PROVIDED DATA:
━━━━━━━━━━━━━━━━━━━━
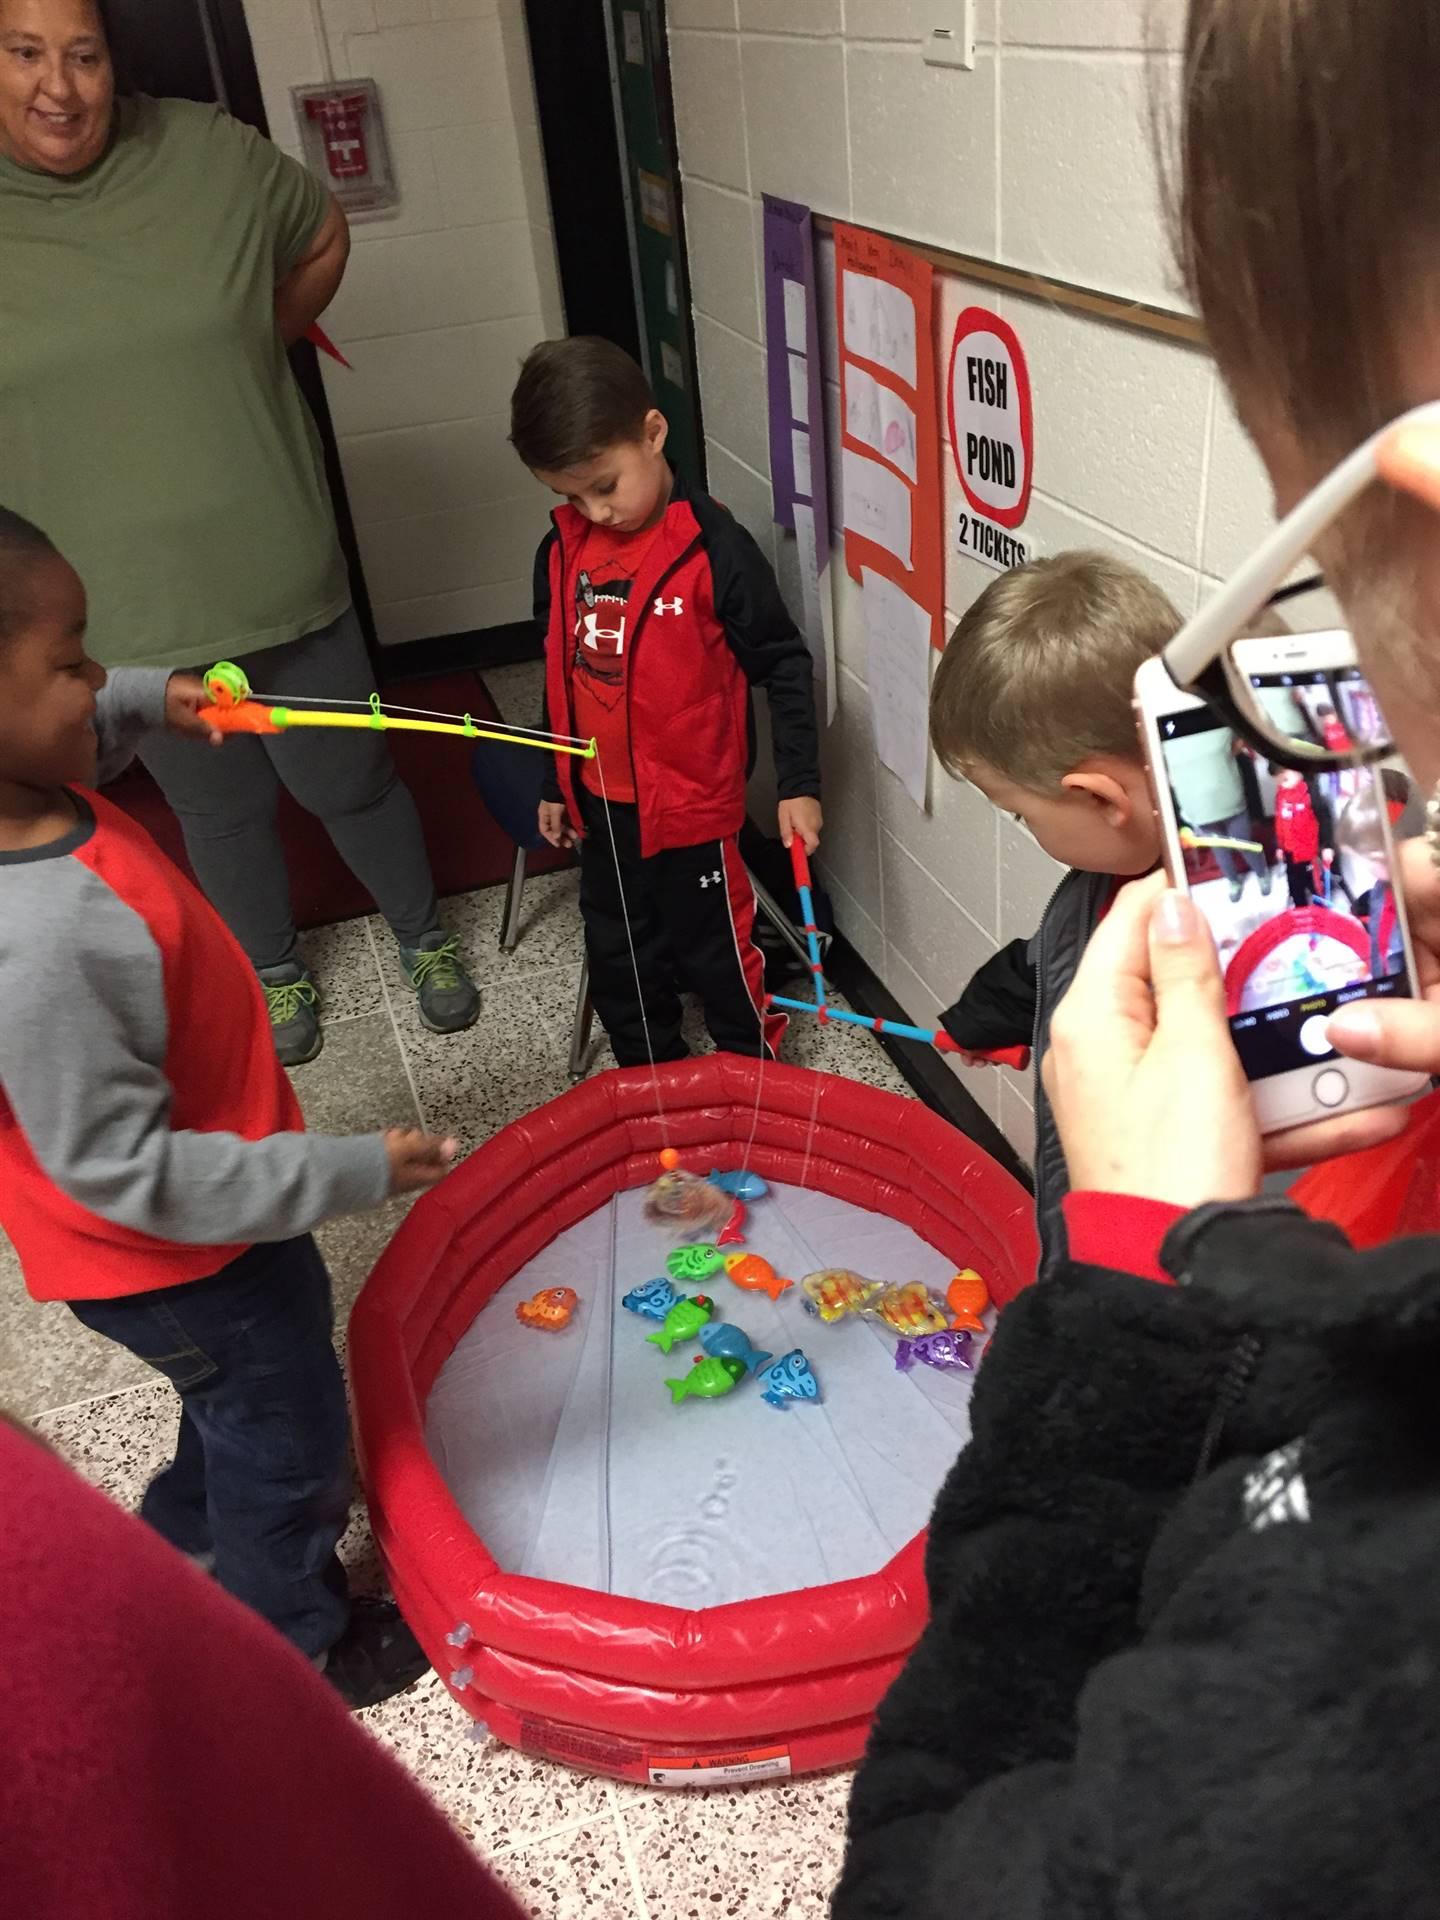 Students enjoying games
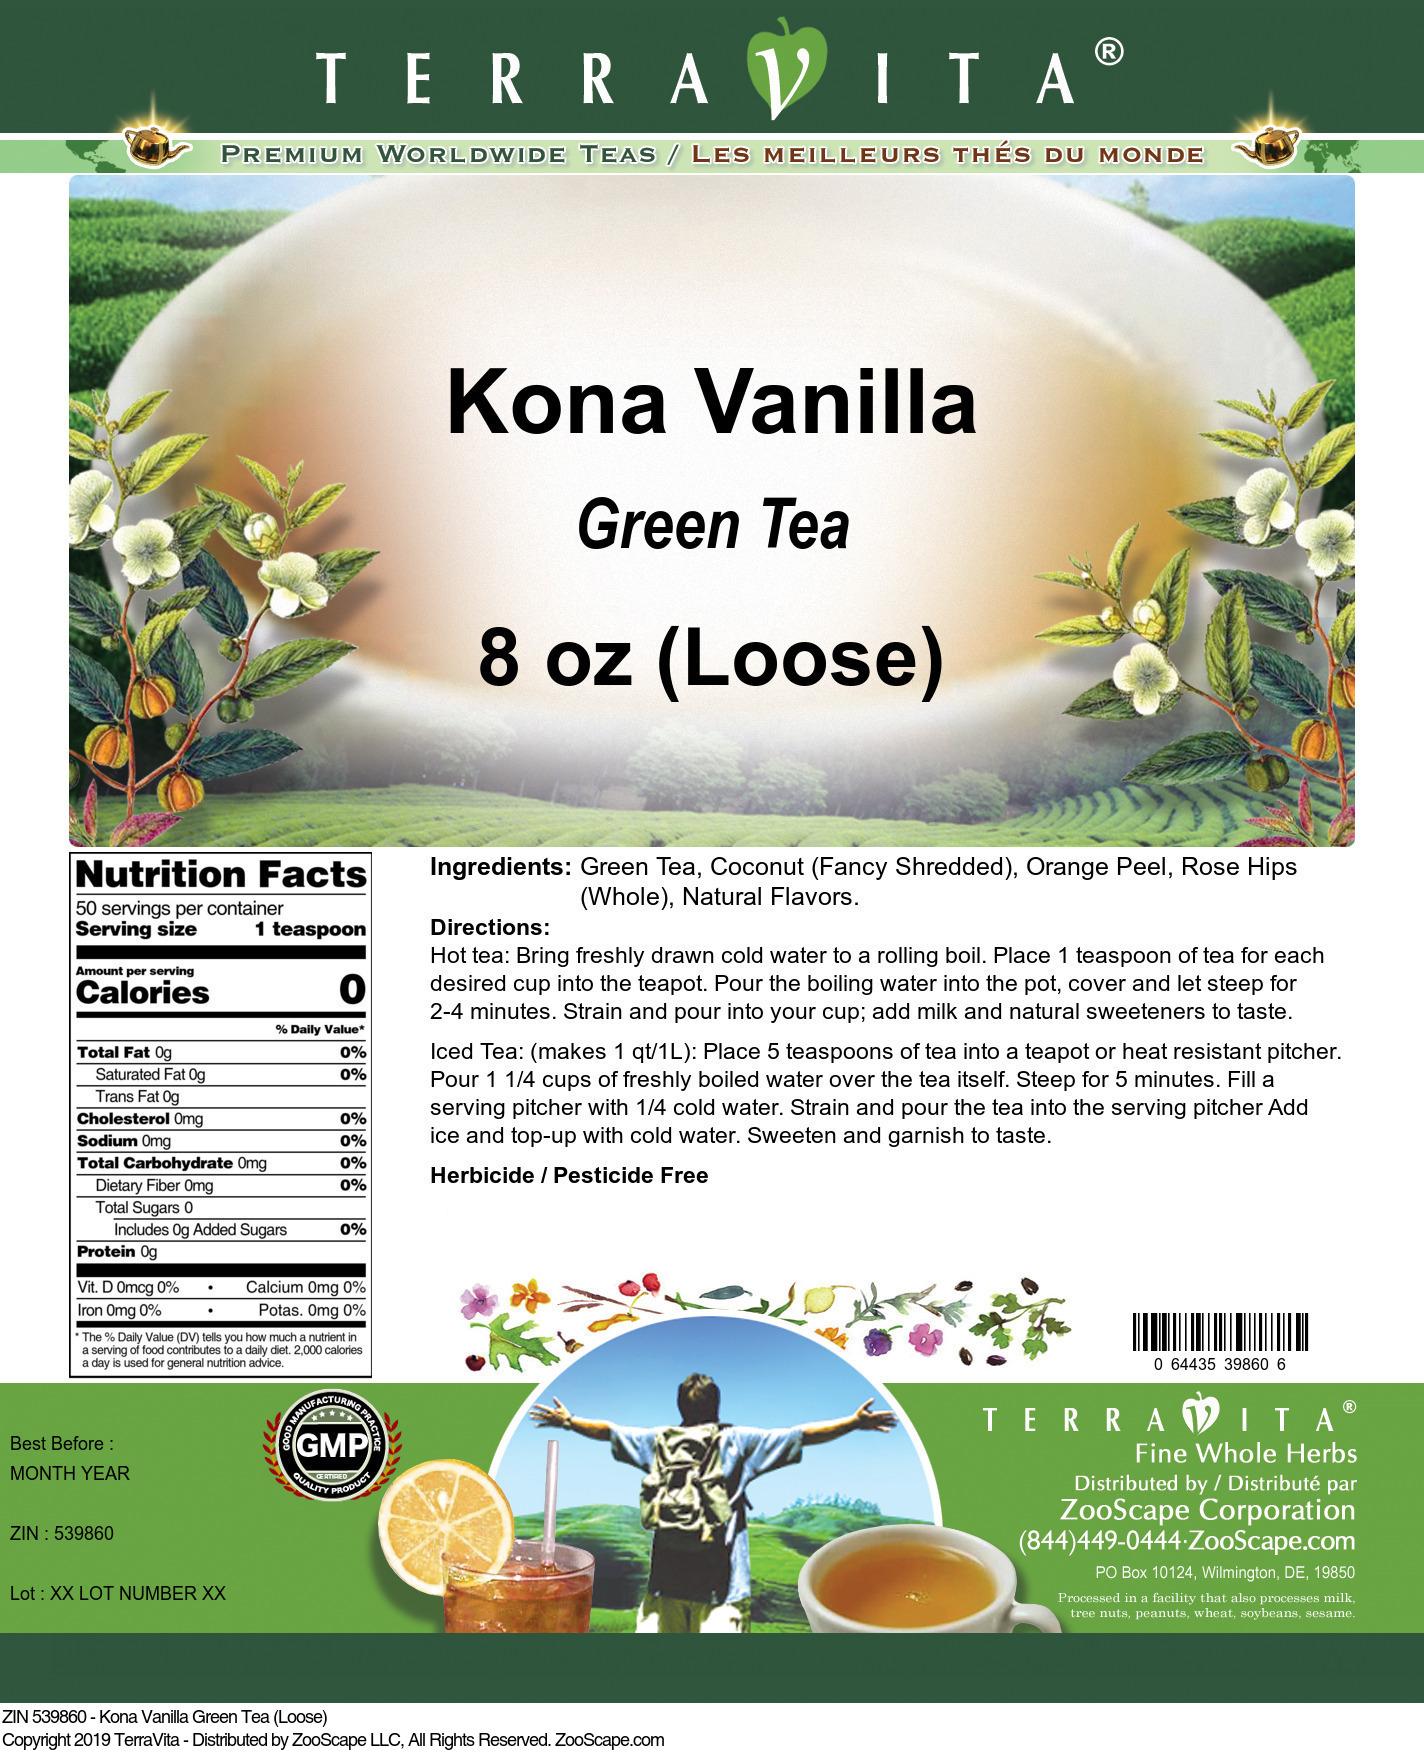 Kona Vanilla Green Tea (Loose)
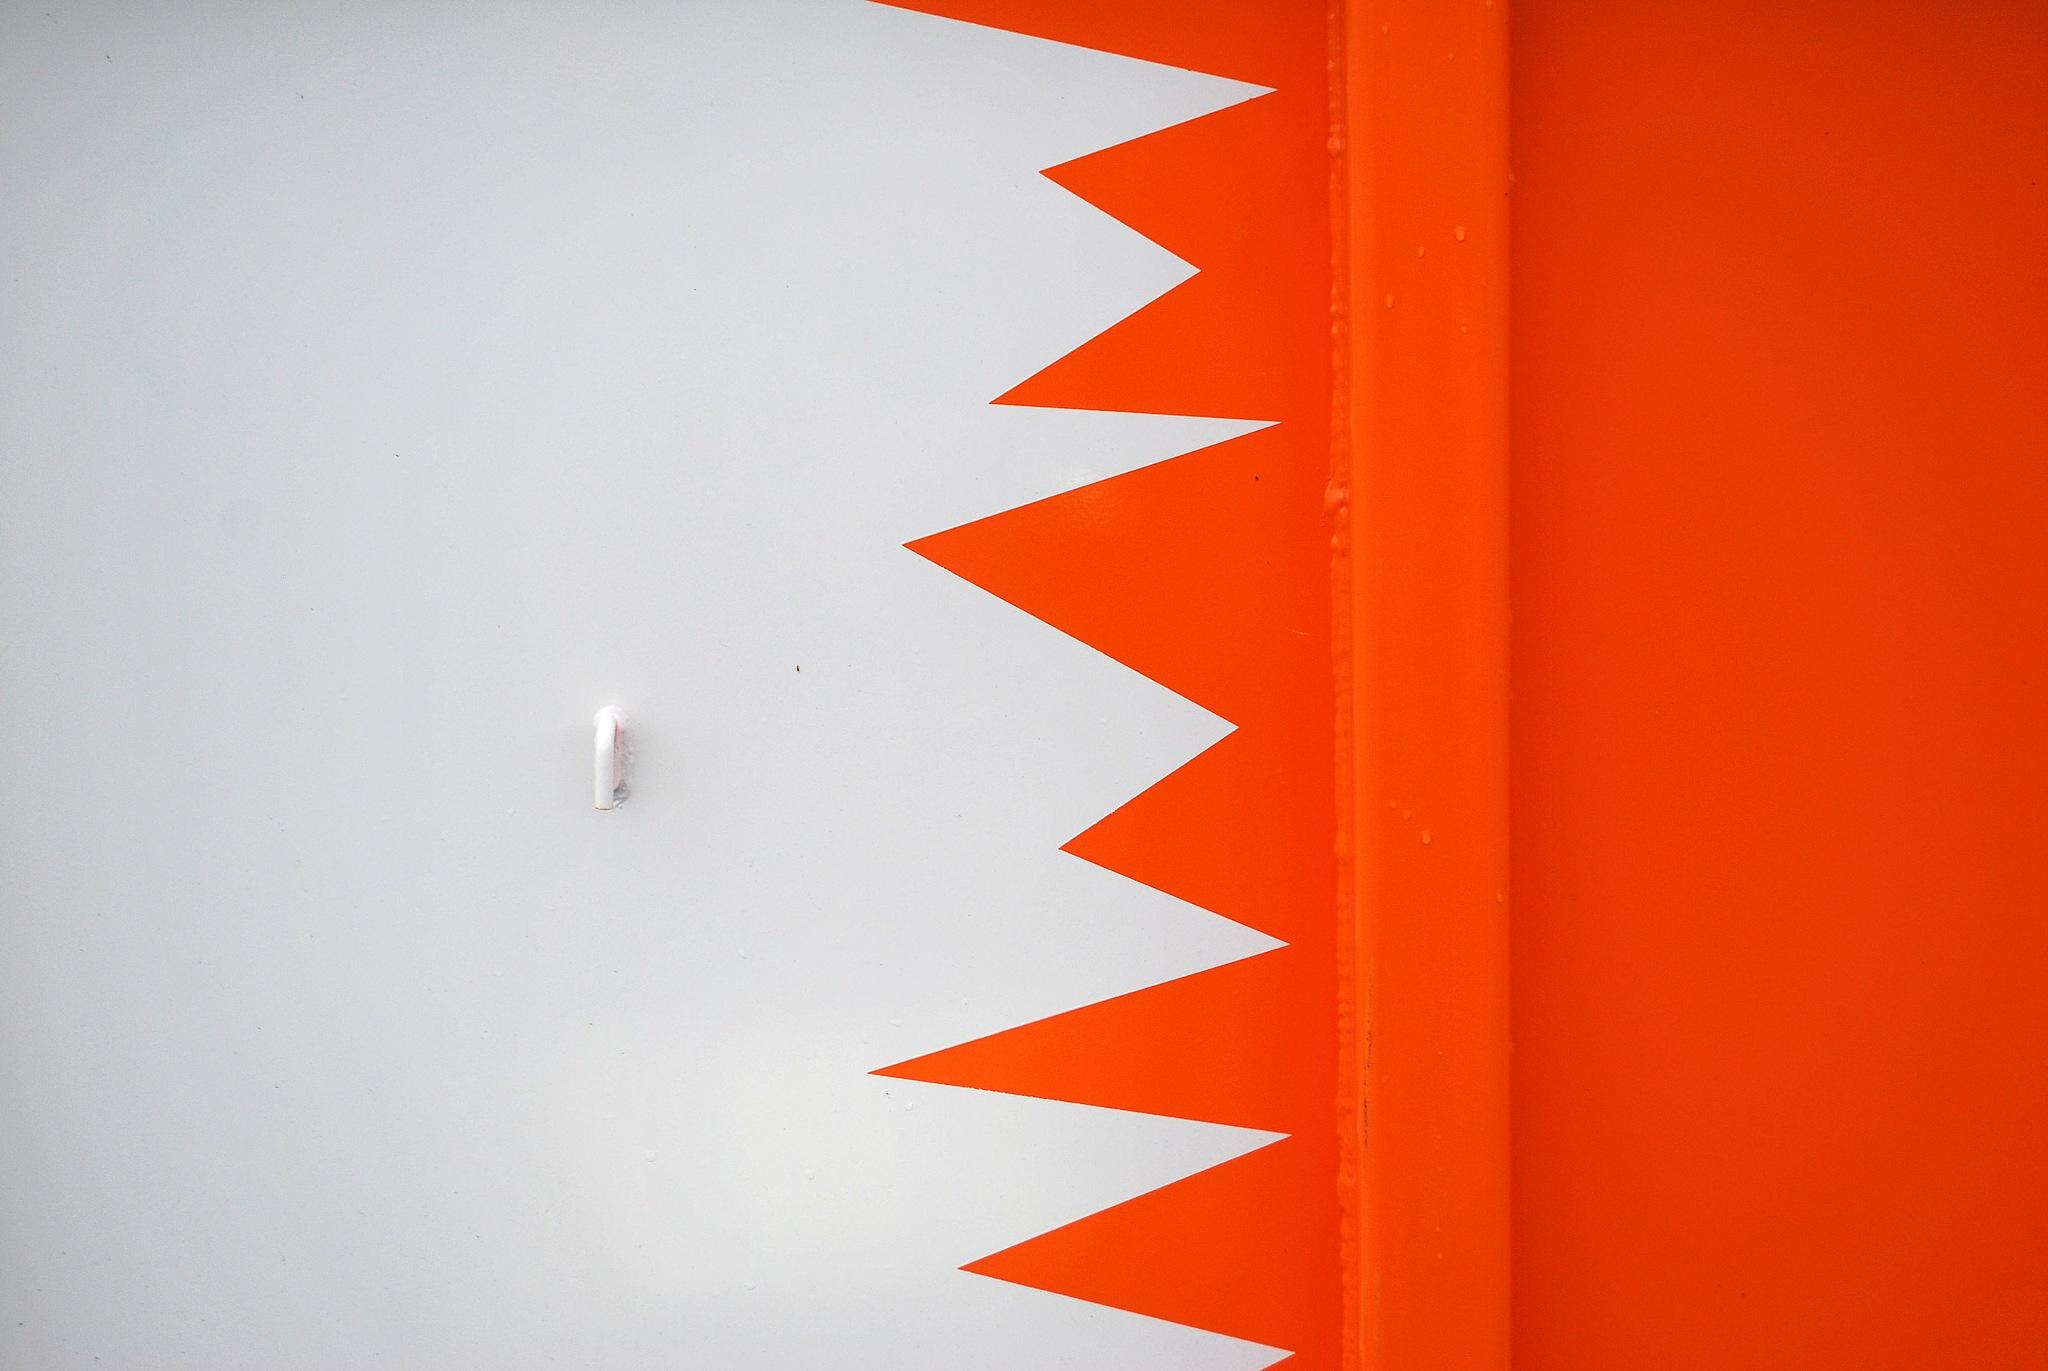 Orange Zickzack by liwesta
━━━━━━━━━━━━━━━━━━━━
ACTIVITY: Here the job is to print all the data exactly, skipping any image.

SOLUTION FOR THIS PROBLEM:
 Students enjoying games
 Kona Vanilla Green Tea (Loose)
 Orange Zickzack by liwesta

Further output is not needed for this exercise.